In Red/Rebol, parentheses ()
can be used to evaluate expressions like this:
>> (1 + 2 3 + 4)
== 7
However, when I use parentheses to evalute an anonymous function, it fails(please see the following code). Why? And how to make an anonymous function work?
>> (func [x y][x + y] 2 3)
== 3 ;;I think it should be 5.
PS:
>> do func [x y] [x + y]
== func [x y][x + y]
>> type? do func [x y] [x + y]
== function!
>> (do func [x y] [x + y]) 2 3
== 3 ;; why does this anonymous function still not work?
>> ((do func [x y] [x + y]) 2 3)
== 3 ;; This does not work too.
Why?
The reason is quite simple: there's no anonymous function in your code. It will become more evident if you scan its content as data:
>> code: quote (func [x y][x + y] 2 3)
== (func [x y] [x + y] 2 3)
>> forall code [probe type? code/1]
word!
block!
block!
integer!
integer!
== integer!
That is to say: func [x y][x + y]
is a word!
followed by 2 block!
s, not a function. Once evaluated though, it will yield back a function whose literal form will look exactly the same. func
is itself a function (aka function constructor) that creates another function.
>> type? probe func [x y][x + y]
func [x y][x + y]
== function!
In your example 3
is returned exactly for that reason: the interpreter evaluates each expression in sequence; the first expression is a function call func [x y][x + y]
that takes two blocks and returns a function; the remaining expressions are literals 2
and 3
that evaluate to themselves; the result of the last expression is always returned in Red, so you get 3
. Parentheses in such case are superfluous.
>> 0 + 1 2 3
== 3
>> func [x y][x + y] 2 3
== 3
So, if you want to evaluate a function anonymously, you first need to create a function!
value from spec and body blocks with the help of function constructor (e.g. func
, function
, has
, does
or some other one that you wrote yourself), and only then apply it to the arguments. The most common way to do so is do reduce
pattern:
>> do reduce [func [x y][x + y] 2 3]
== 5
reduce
evaluates each sub-expression within a block (func
creates a function!
, 2
and 3
evaluate to themselves), and do
then interprets it (applies an anonymous function to two arguments).
Here are some other approaches, so that you can get a grip of the concept:
>> do compose [(func [x y][x + y]) 2 3]
== 5
>> do head insert [2 3] function [x y][x + y]
== 5
>> do reverse append [3 2] make function! [[x y][x + y]]
== 5
>> λ: func [spec body code][do compose [(func spec body) (code)]]
== func [spec body code][do compose [(func spec body) (code)]]
>> λ [x y][x + y][2 3]
== 5
As to why do func [x y][x + y]
works that way: this by design, to prevent variadic function calls.

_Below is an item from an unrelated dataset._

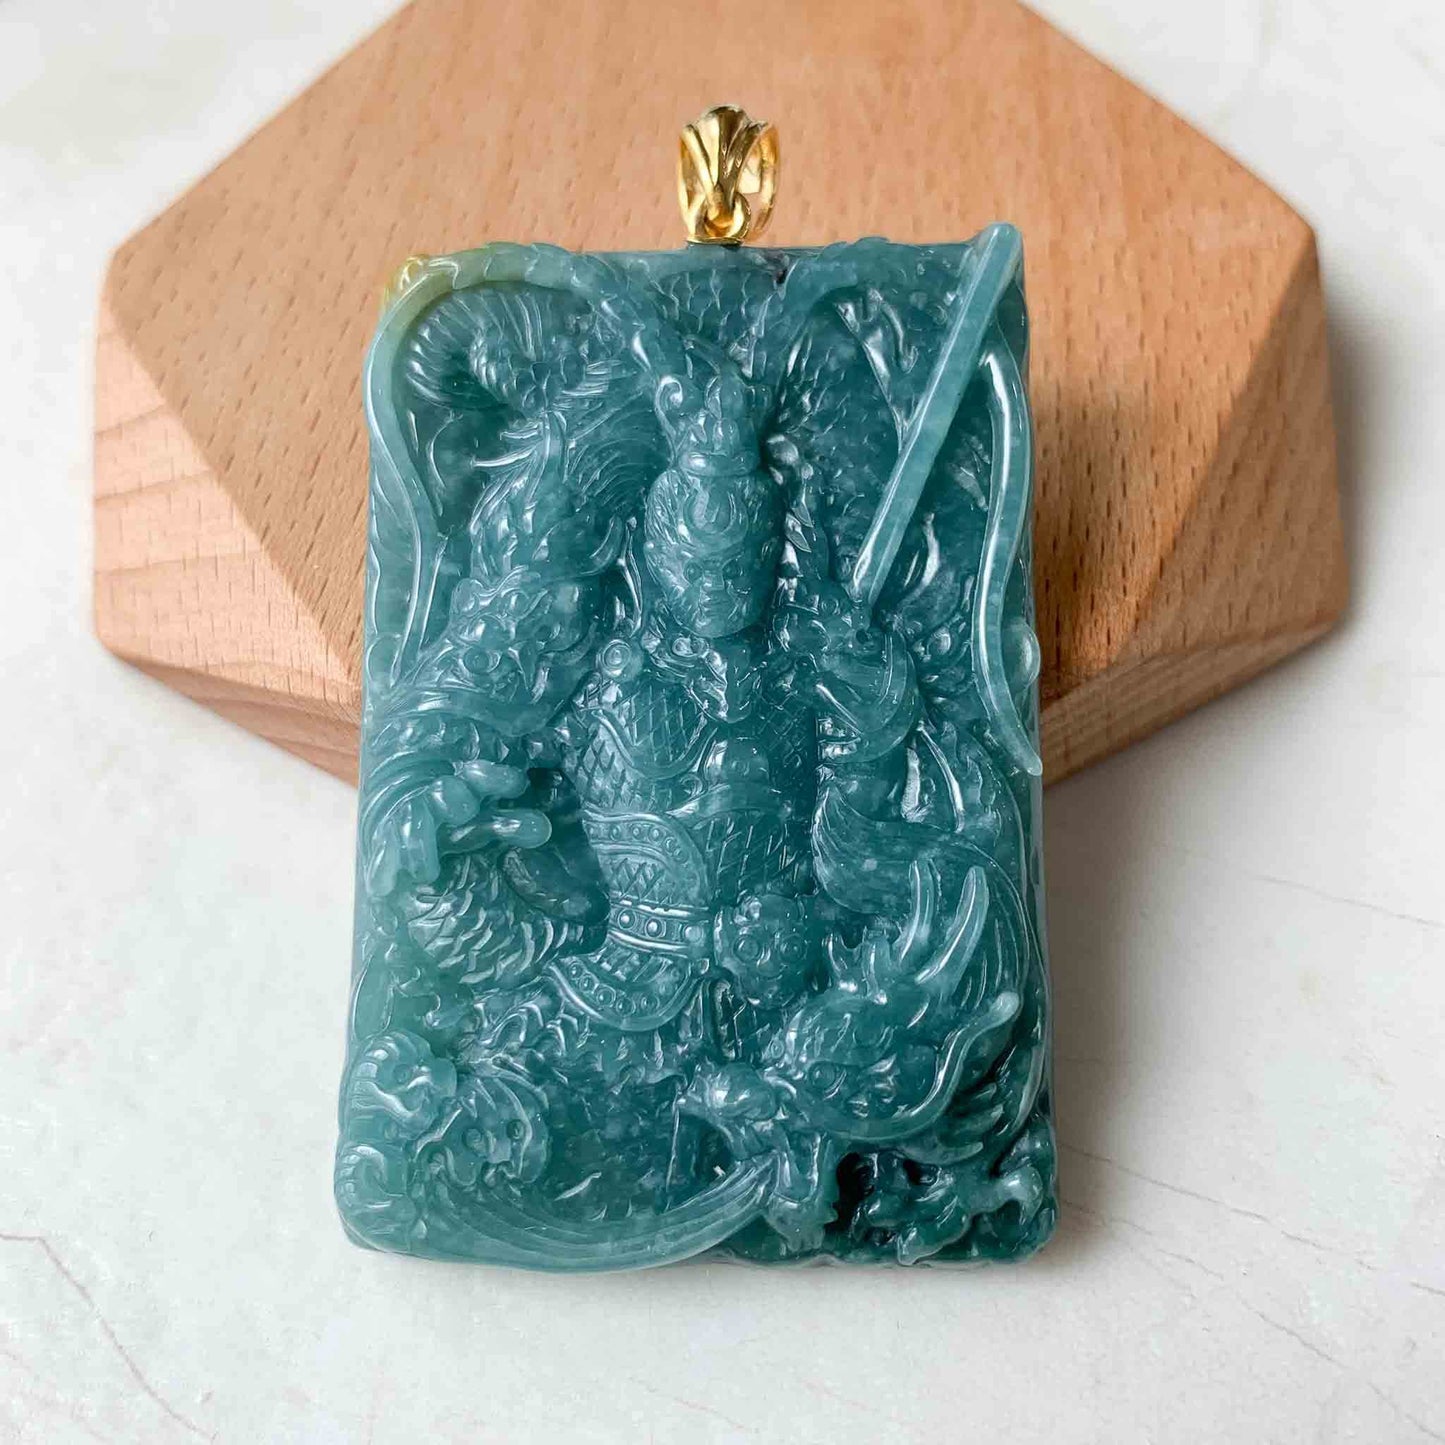 Blue Green Jadeite Jade Monkey King with 18K Gold Pendant, Sun Wu Kong, 孙悟空, Front Side Carving, Chinese Zodiac Carved, XZG-0423-1690338745
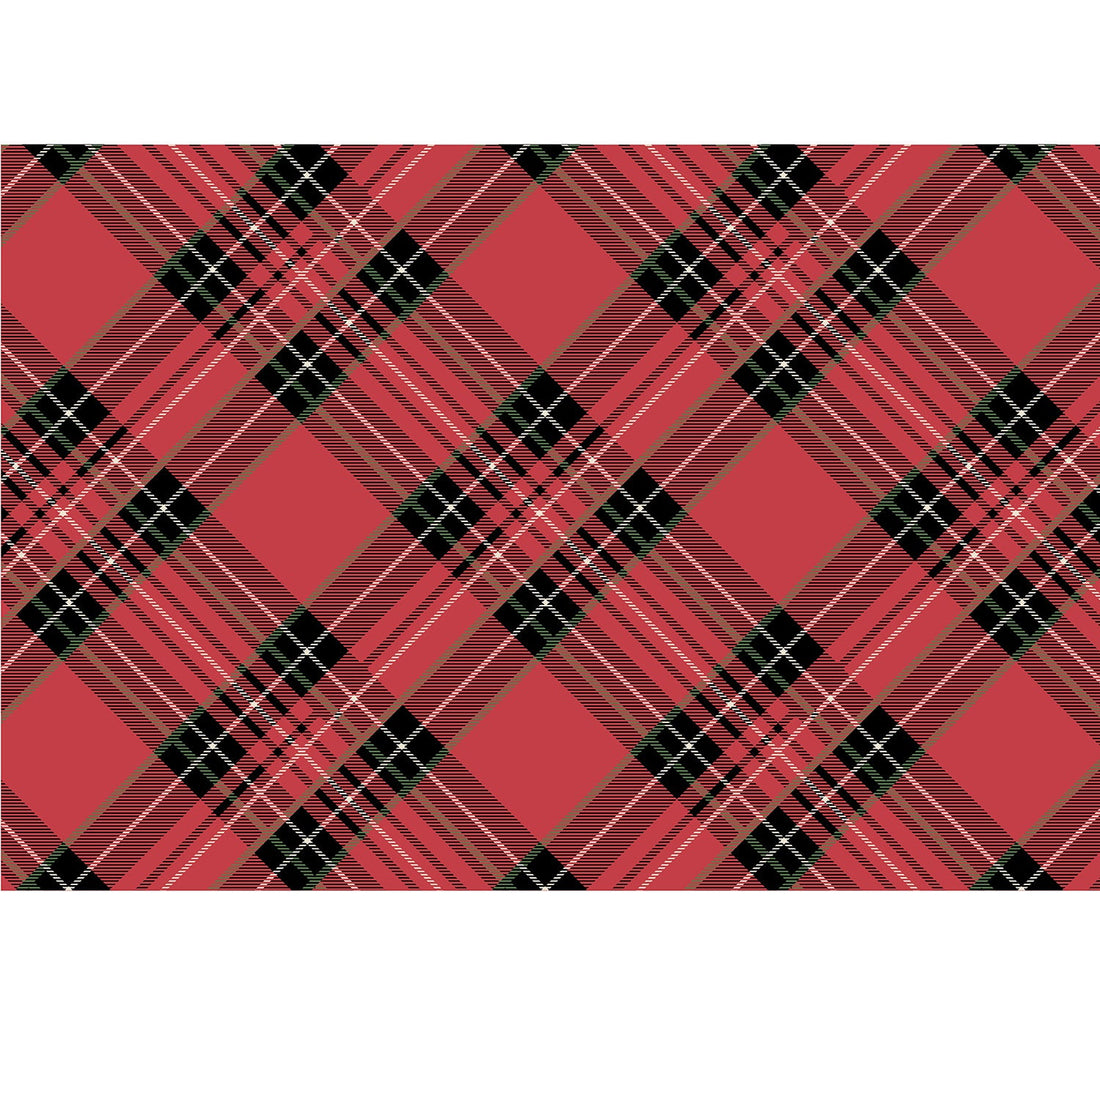 A MISPRINT Red Plaid Placemat in a red plaid fabric with black and white squares, perfect for bringing the Christmas spirit to any holiday table. (Brand: Hester &amp; Cook)

You can read a bit more on the rationale of it here.
All functions in Rebol/Red have a fixed arity and evaluate only as many expressions as they need; function returning to the call-site and consuming the remaining arguments (like e.g. in Lisp) would go against this rule.
((lambda (x y)(+ x y)) 1 2)
=> 3
As a historical curiosity, Rebol3 had a return/redo
refinement which allowed functions to do just that, and which was later removed for the reasons I outlined above.
Evaluation in the Rebol family is "layered", so to speak: values returned as results from functions don't get immediately re-evaluated if they are applicative, but rather need an extra pass from a top-level call to the evaluator (e.g. do
or reduce
).